In 2015, Continental Commercial Products moved into a building on Wilson Drive. Continental manufactures a variety of goods including janitorial goods, food service and home goods. Morris Packaging, which makes bags made from plastic for commercial and residential uses, opened a factory in 2013 near the spec building at 6850 Algoa Road.

Unilever, which bottles personal products including Axe and Dove products, and Alpla, which makes water, soft drink and milk bottles, announced expansions in 2012 with the help of Chapter 100 tax abatements.

Sonoco Plastics also has had a presence in the city for years with its factory at 1621 Maytag Drive.

Bonnot said Unilever's presence in Jefferson City helped lure Axium Plastics.

"They have a customer that they serve in our region, so that plays a big part of it," Bonnot said. "We're also perfectly situated for them to serve their customers in St. Louis and Kansas City."

Allen said economic development leaders try to create these pockets of similar companies in similar industries.

"One of the things that you try to do in economic development and manufacturing is to create clusters," Allen said. "The cluster allows the critical mass to be created for employment."

Effect on JC workforce

Jobs at Axium plastics will pay $31,714 per year on average, or $15.24 per hour, and will include additional benefits, Allen said. Jefferson City had an unemployment rate of 3.5 percent in June, according to the Bureau of Labor Statistics. About 7.7 percent of Jefferson City's workforce is employed in manufacturing, according to a 2016 labor basin study conducted by the chamber. About 20 percent of the workforce works as general laborers when factoring other labor jobs and delivery jobs, the report said.
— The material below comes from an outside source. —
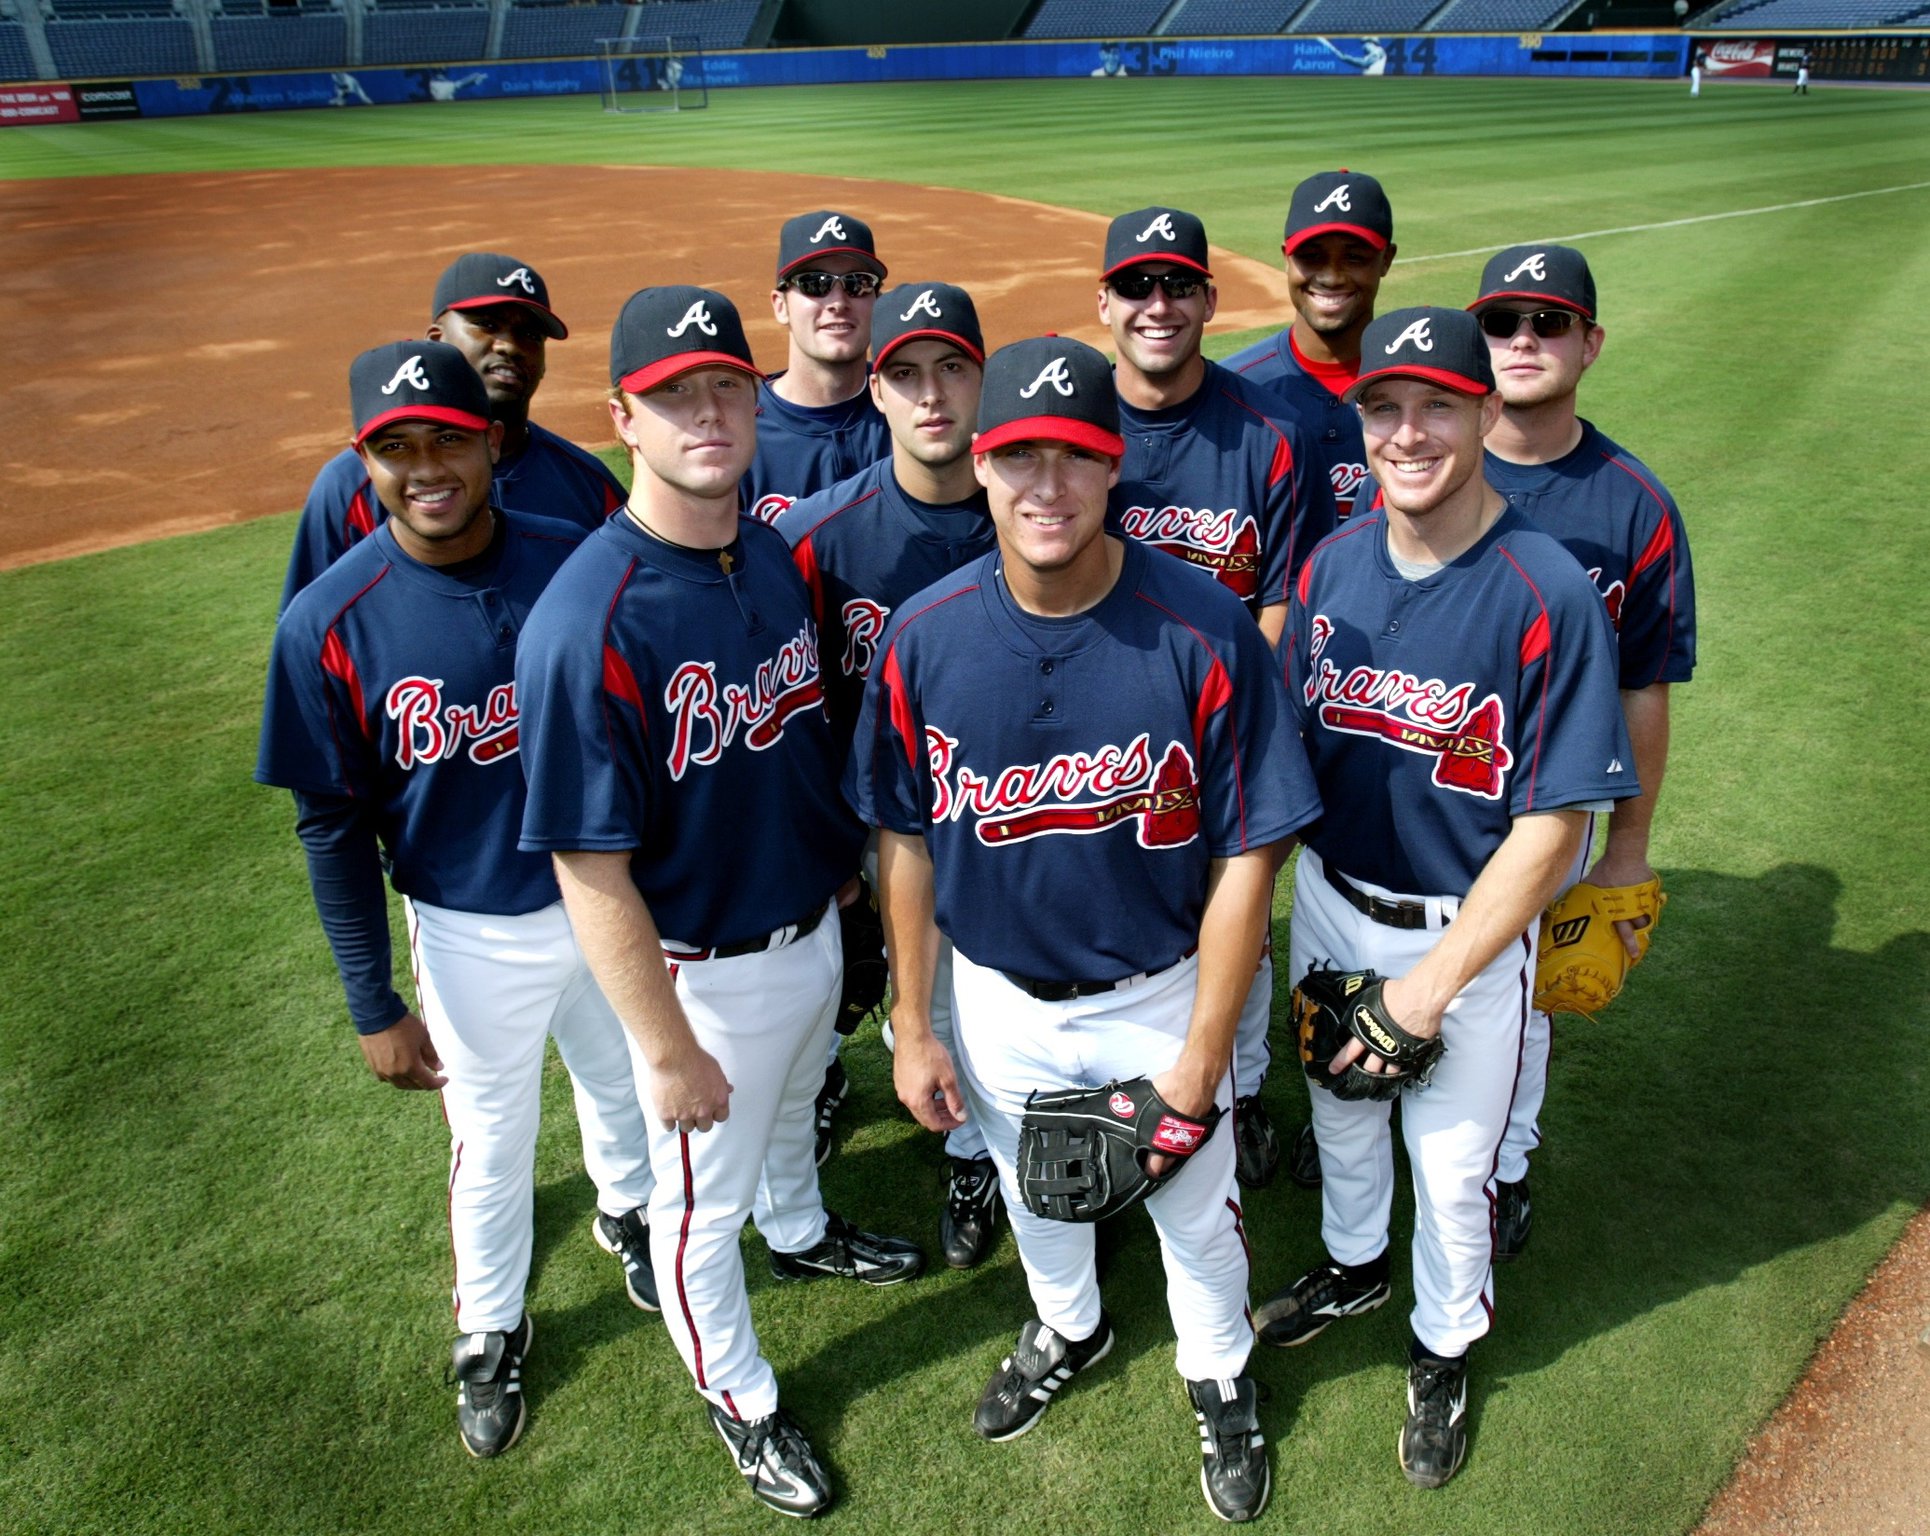 Catching up with the Baby Braves of the 2005 Atlanta Braves team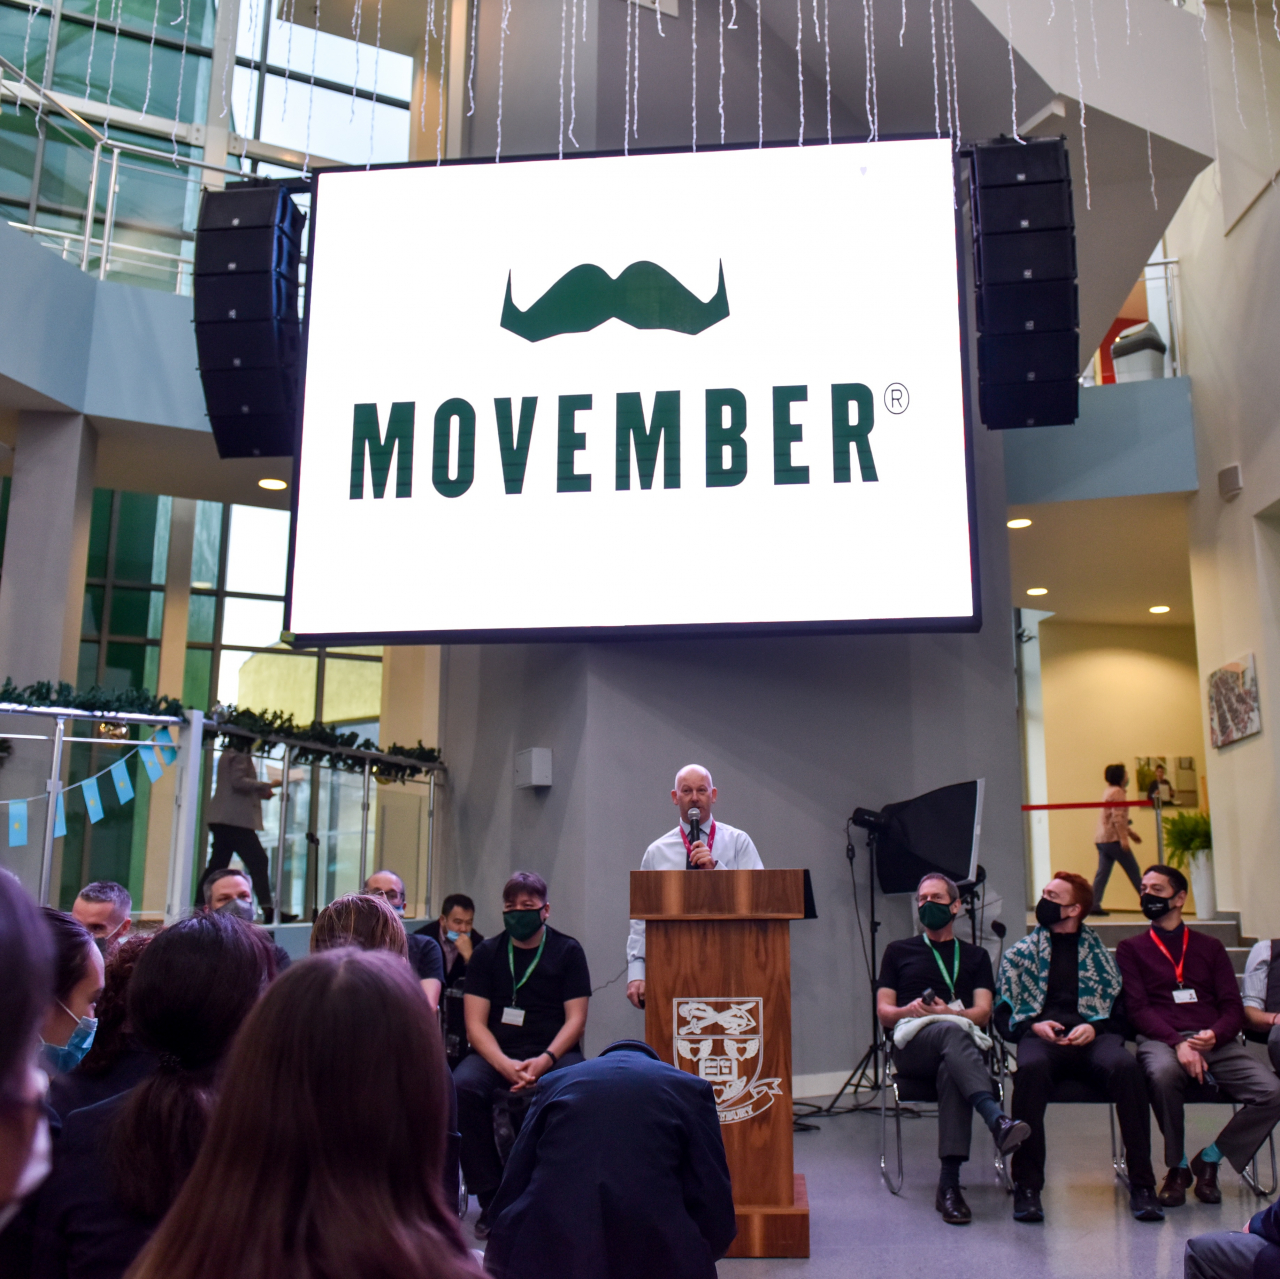 Annual Movember campaign raised over $700 for men's health charity

Allen acknowledged it will be difficult to find people for these jobs but said the chamber's goal is to keep bringing manufacturing jobs to the area and provide opportunities for people who choose not to go to college.

"We've got to take our people that are already here and train them up, or we've got to have people move in," Allen said.

He said though the unemployment rate is low in Jefferson City and Cole County, the chamber also wants to focus on finding jobs for under-employed people stuck in low-paying retail and fast food jobs.

Next economic development tool?

As of March 3, a different unnamed manufacturer was also looking at putting a 50-job factory in the spec building or in the Jefferson City West Commercial Park, according to the chamber's June economic development report that detailed the standing of projects as of May 31. The company also looked at making an investment of $16 million-$18 million in the spec building.

Sixteen buildings are listed for sale on the chamber's website. Most are old office buildings the chamber came to own after leases ran out or owners abandoned the buildings. The chamber also owns land at the Partnership Business Park on the city's southeast side, which is close to the spec building.

Bonnot and Allen conceded it may be tough to lure companies to Jefferson City with some of the buildings listed on its website.

The chamber will not build a new spec building immediately because, Allen said, spec buildings were a more popular tool when plans for this building were drafted in 2005.

Bonnot didn't rule out building a new spec building several years from now, though.

"In the future, down the road, potentially," Bonnot said.

She also said the city will be at a slight disadvantage without a spec building.

"We have been able to respond to buildings of that size in an industrial park," Bonnot said. "Now we won't be able to respond to those requests because we don't have that tool."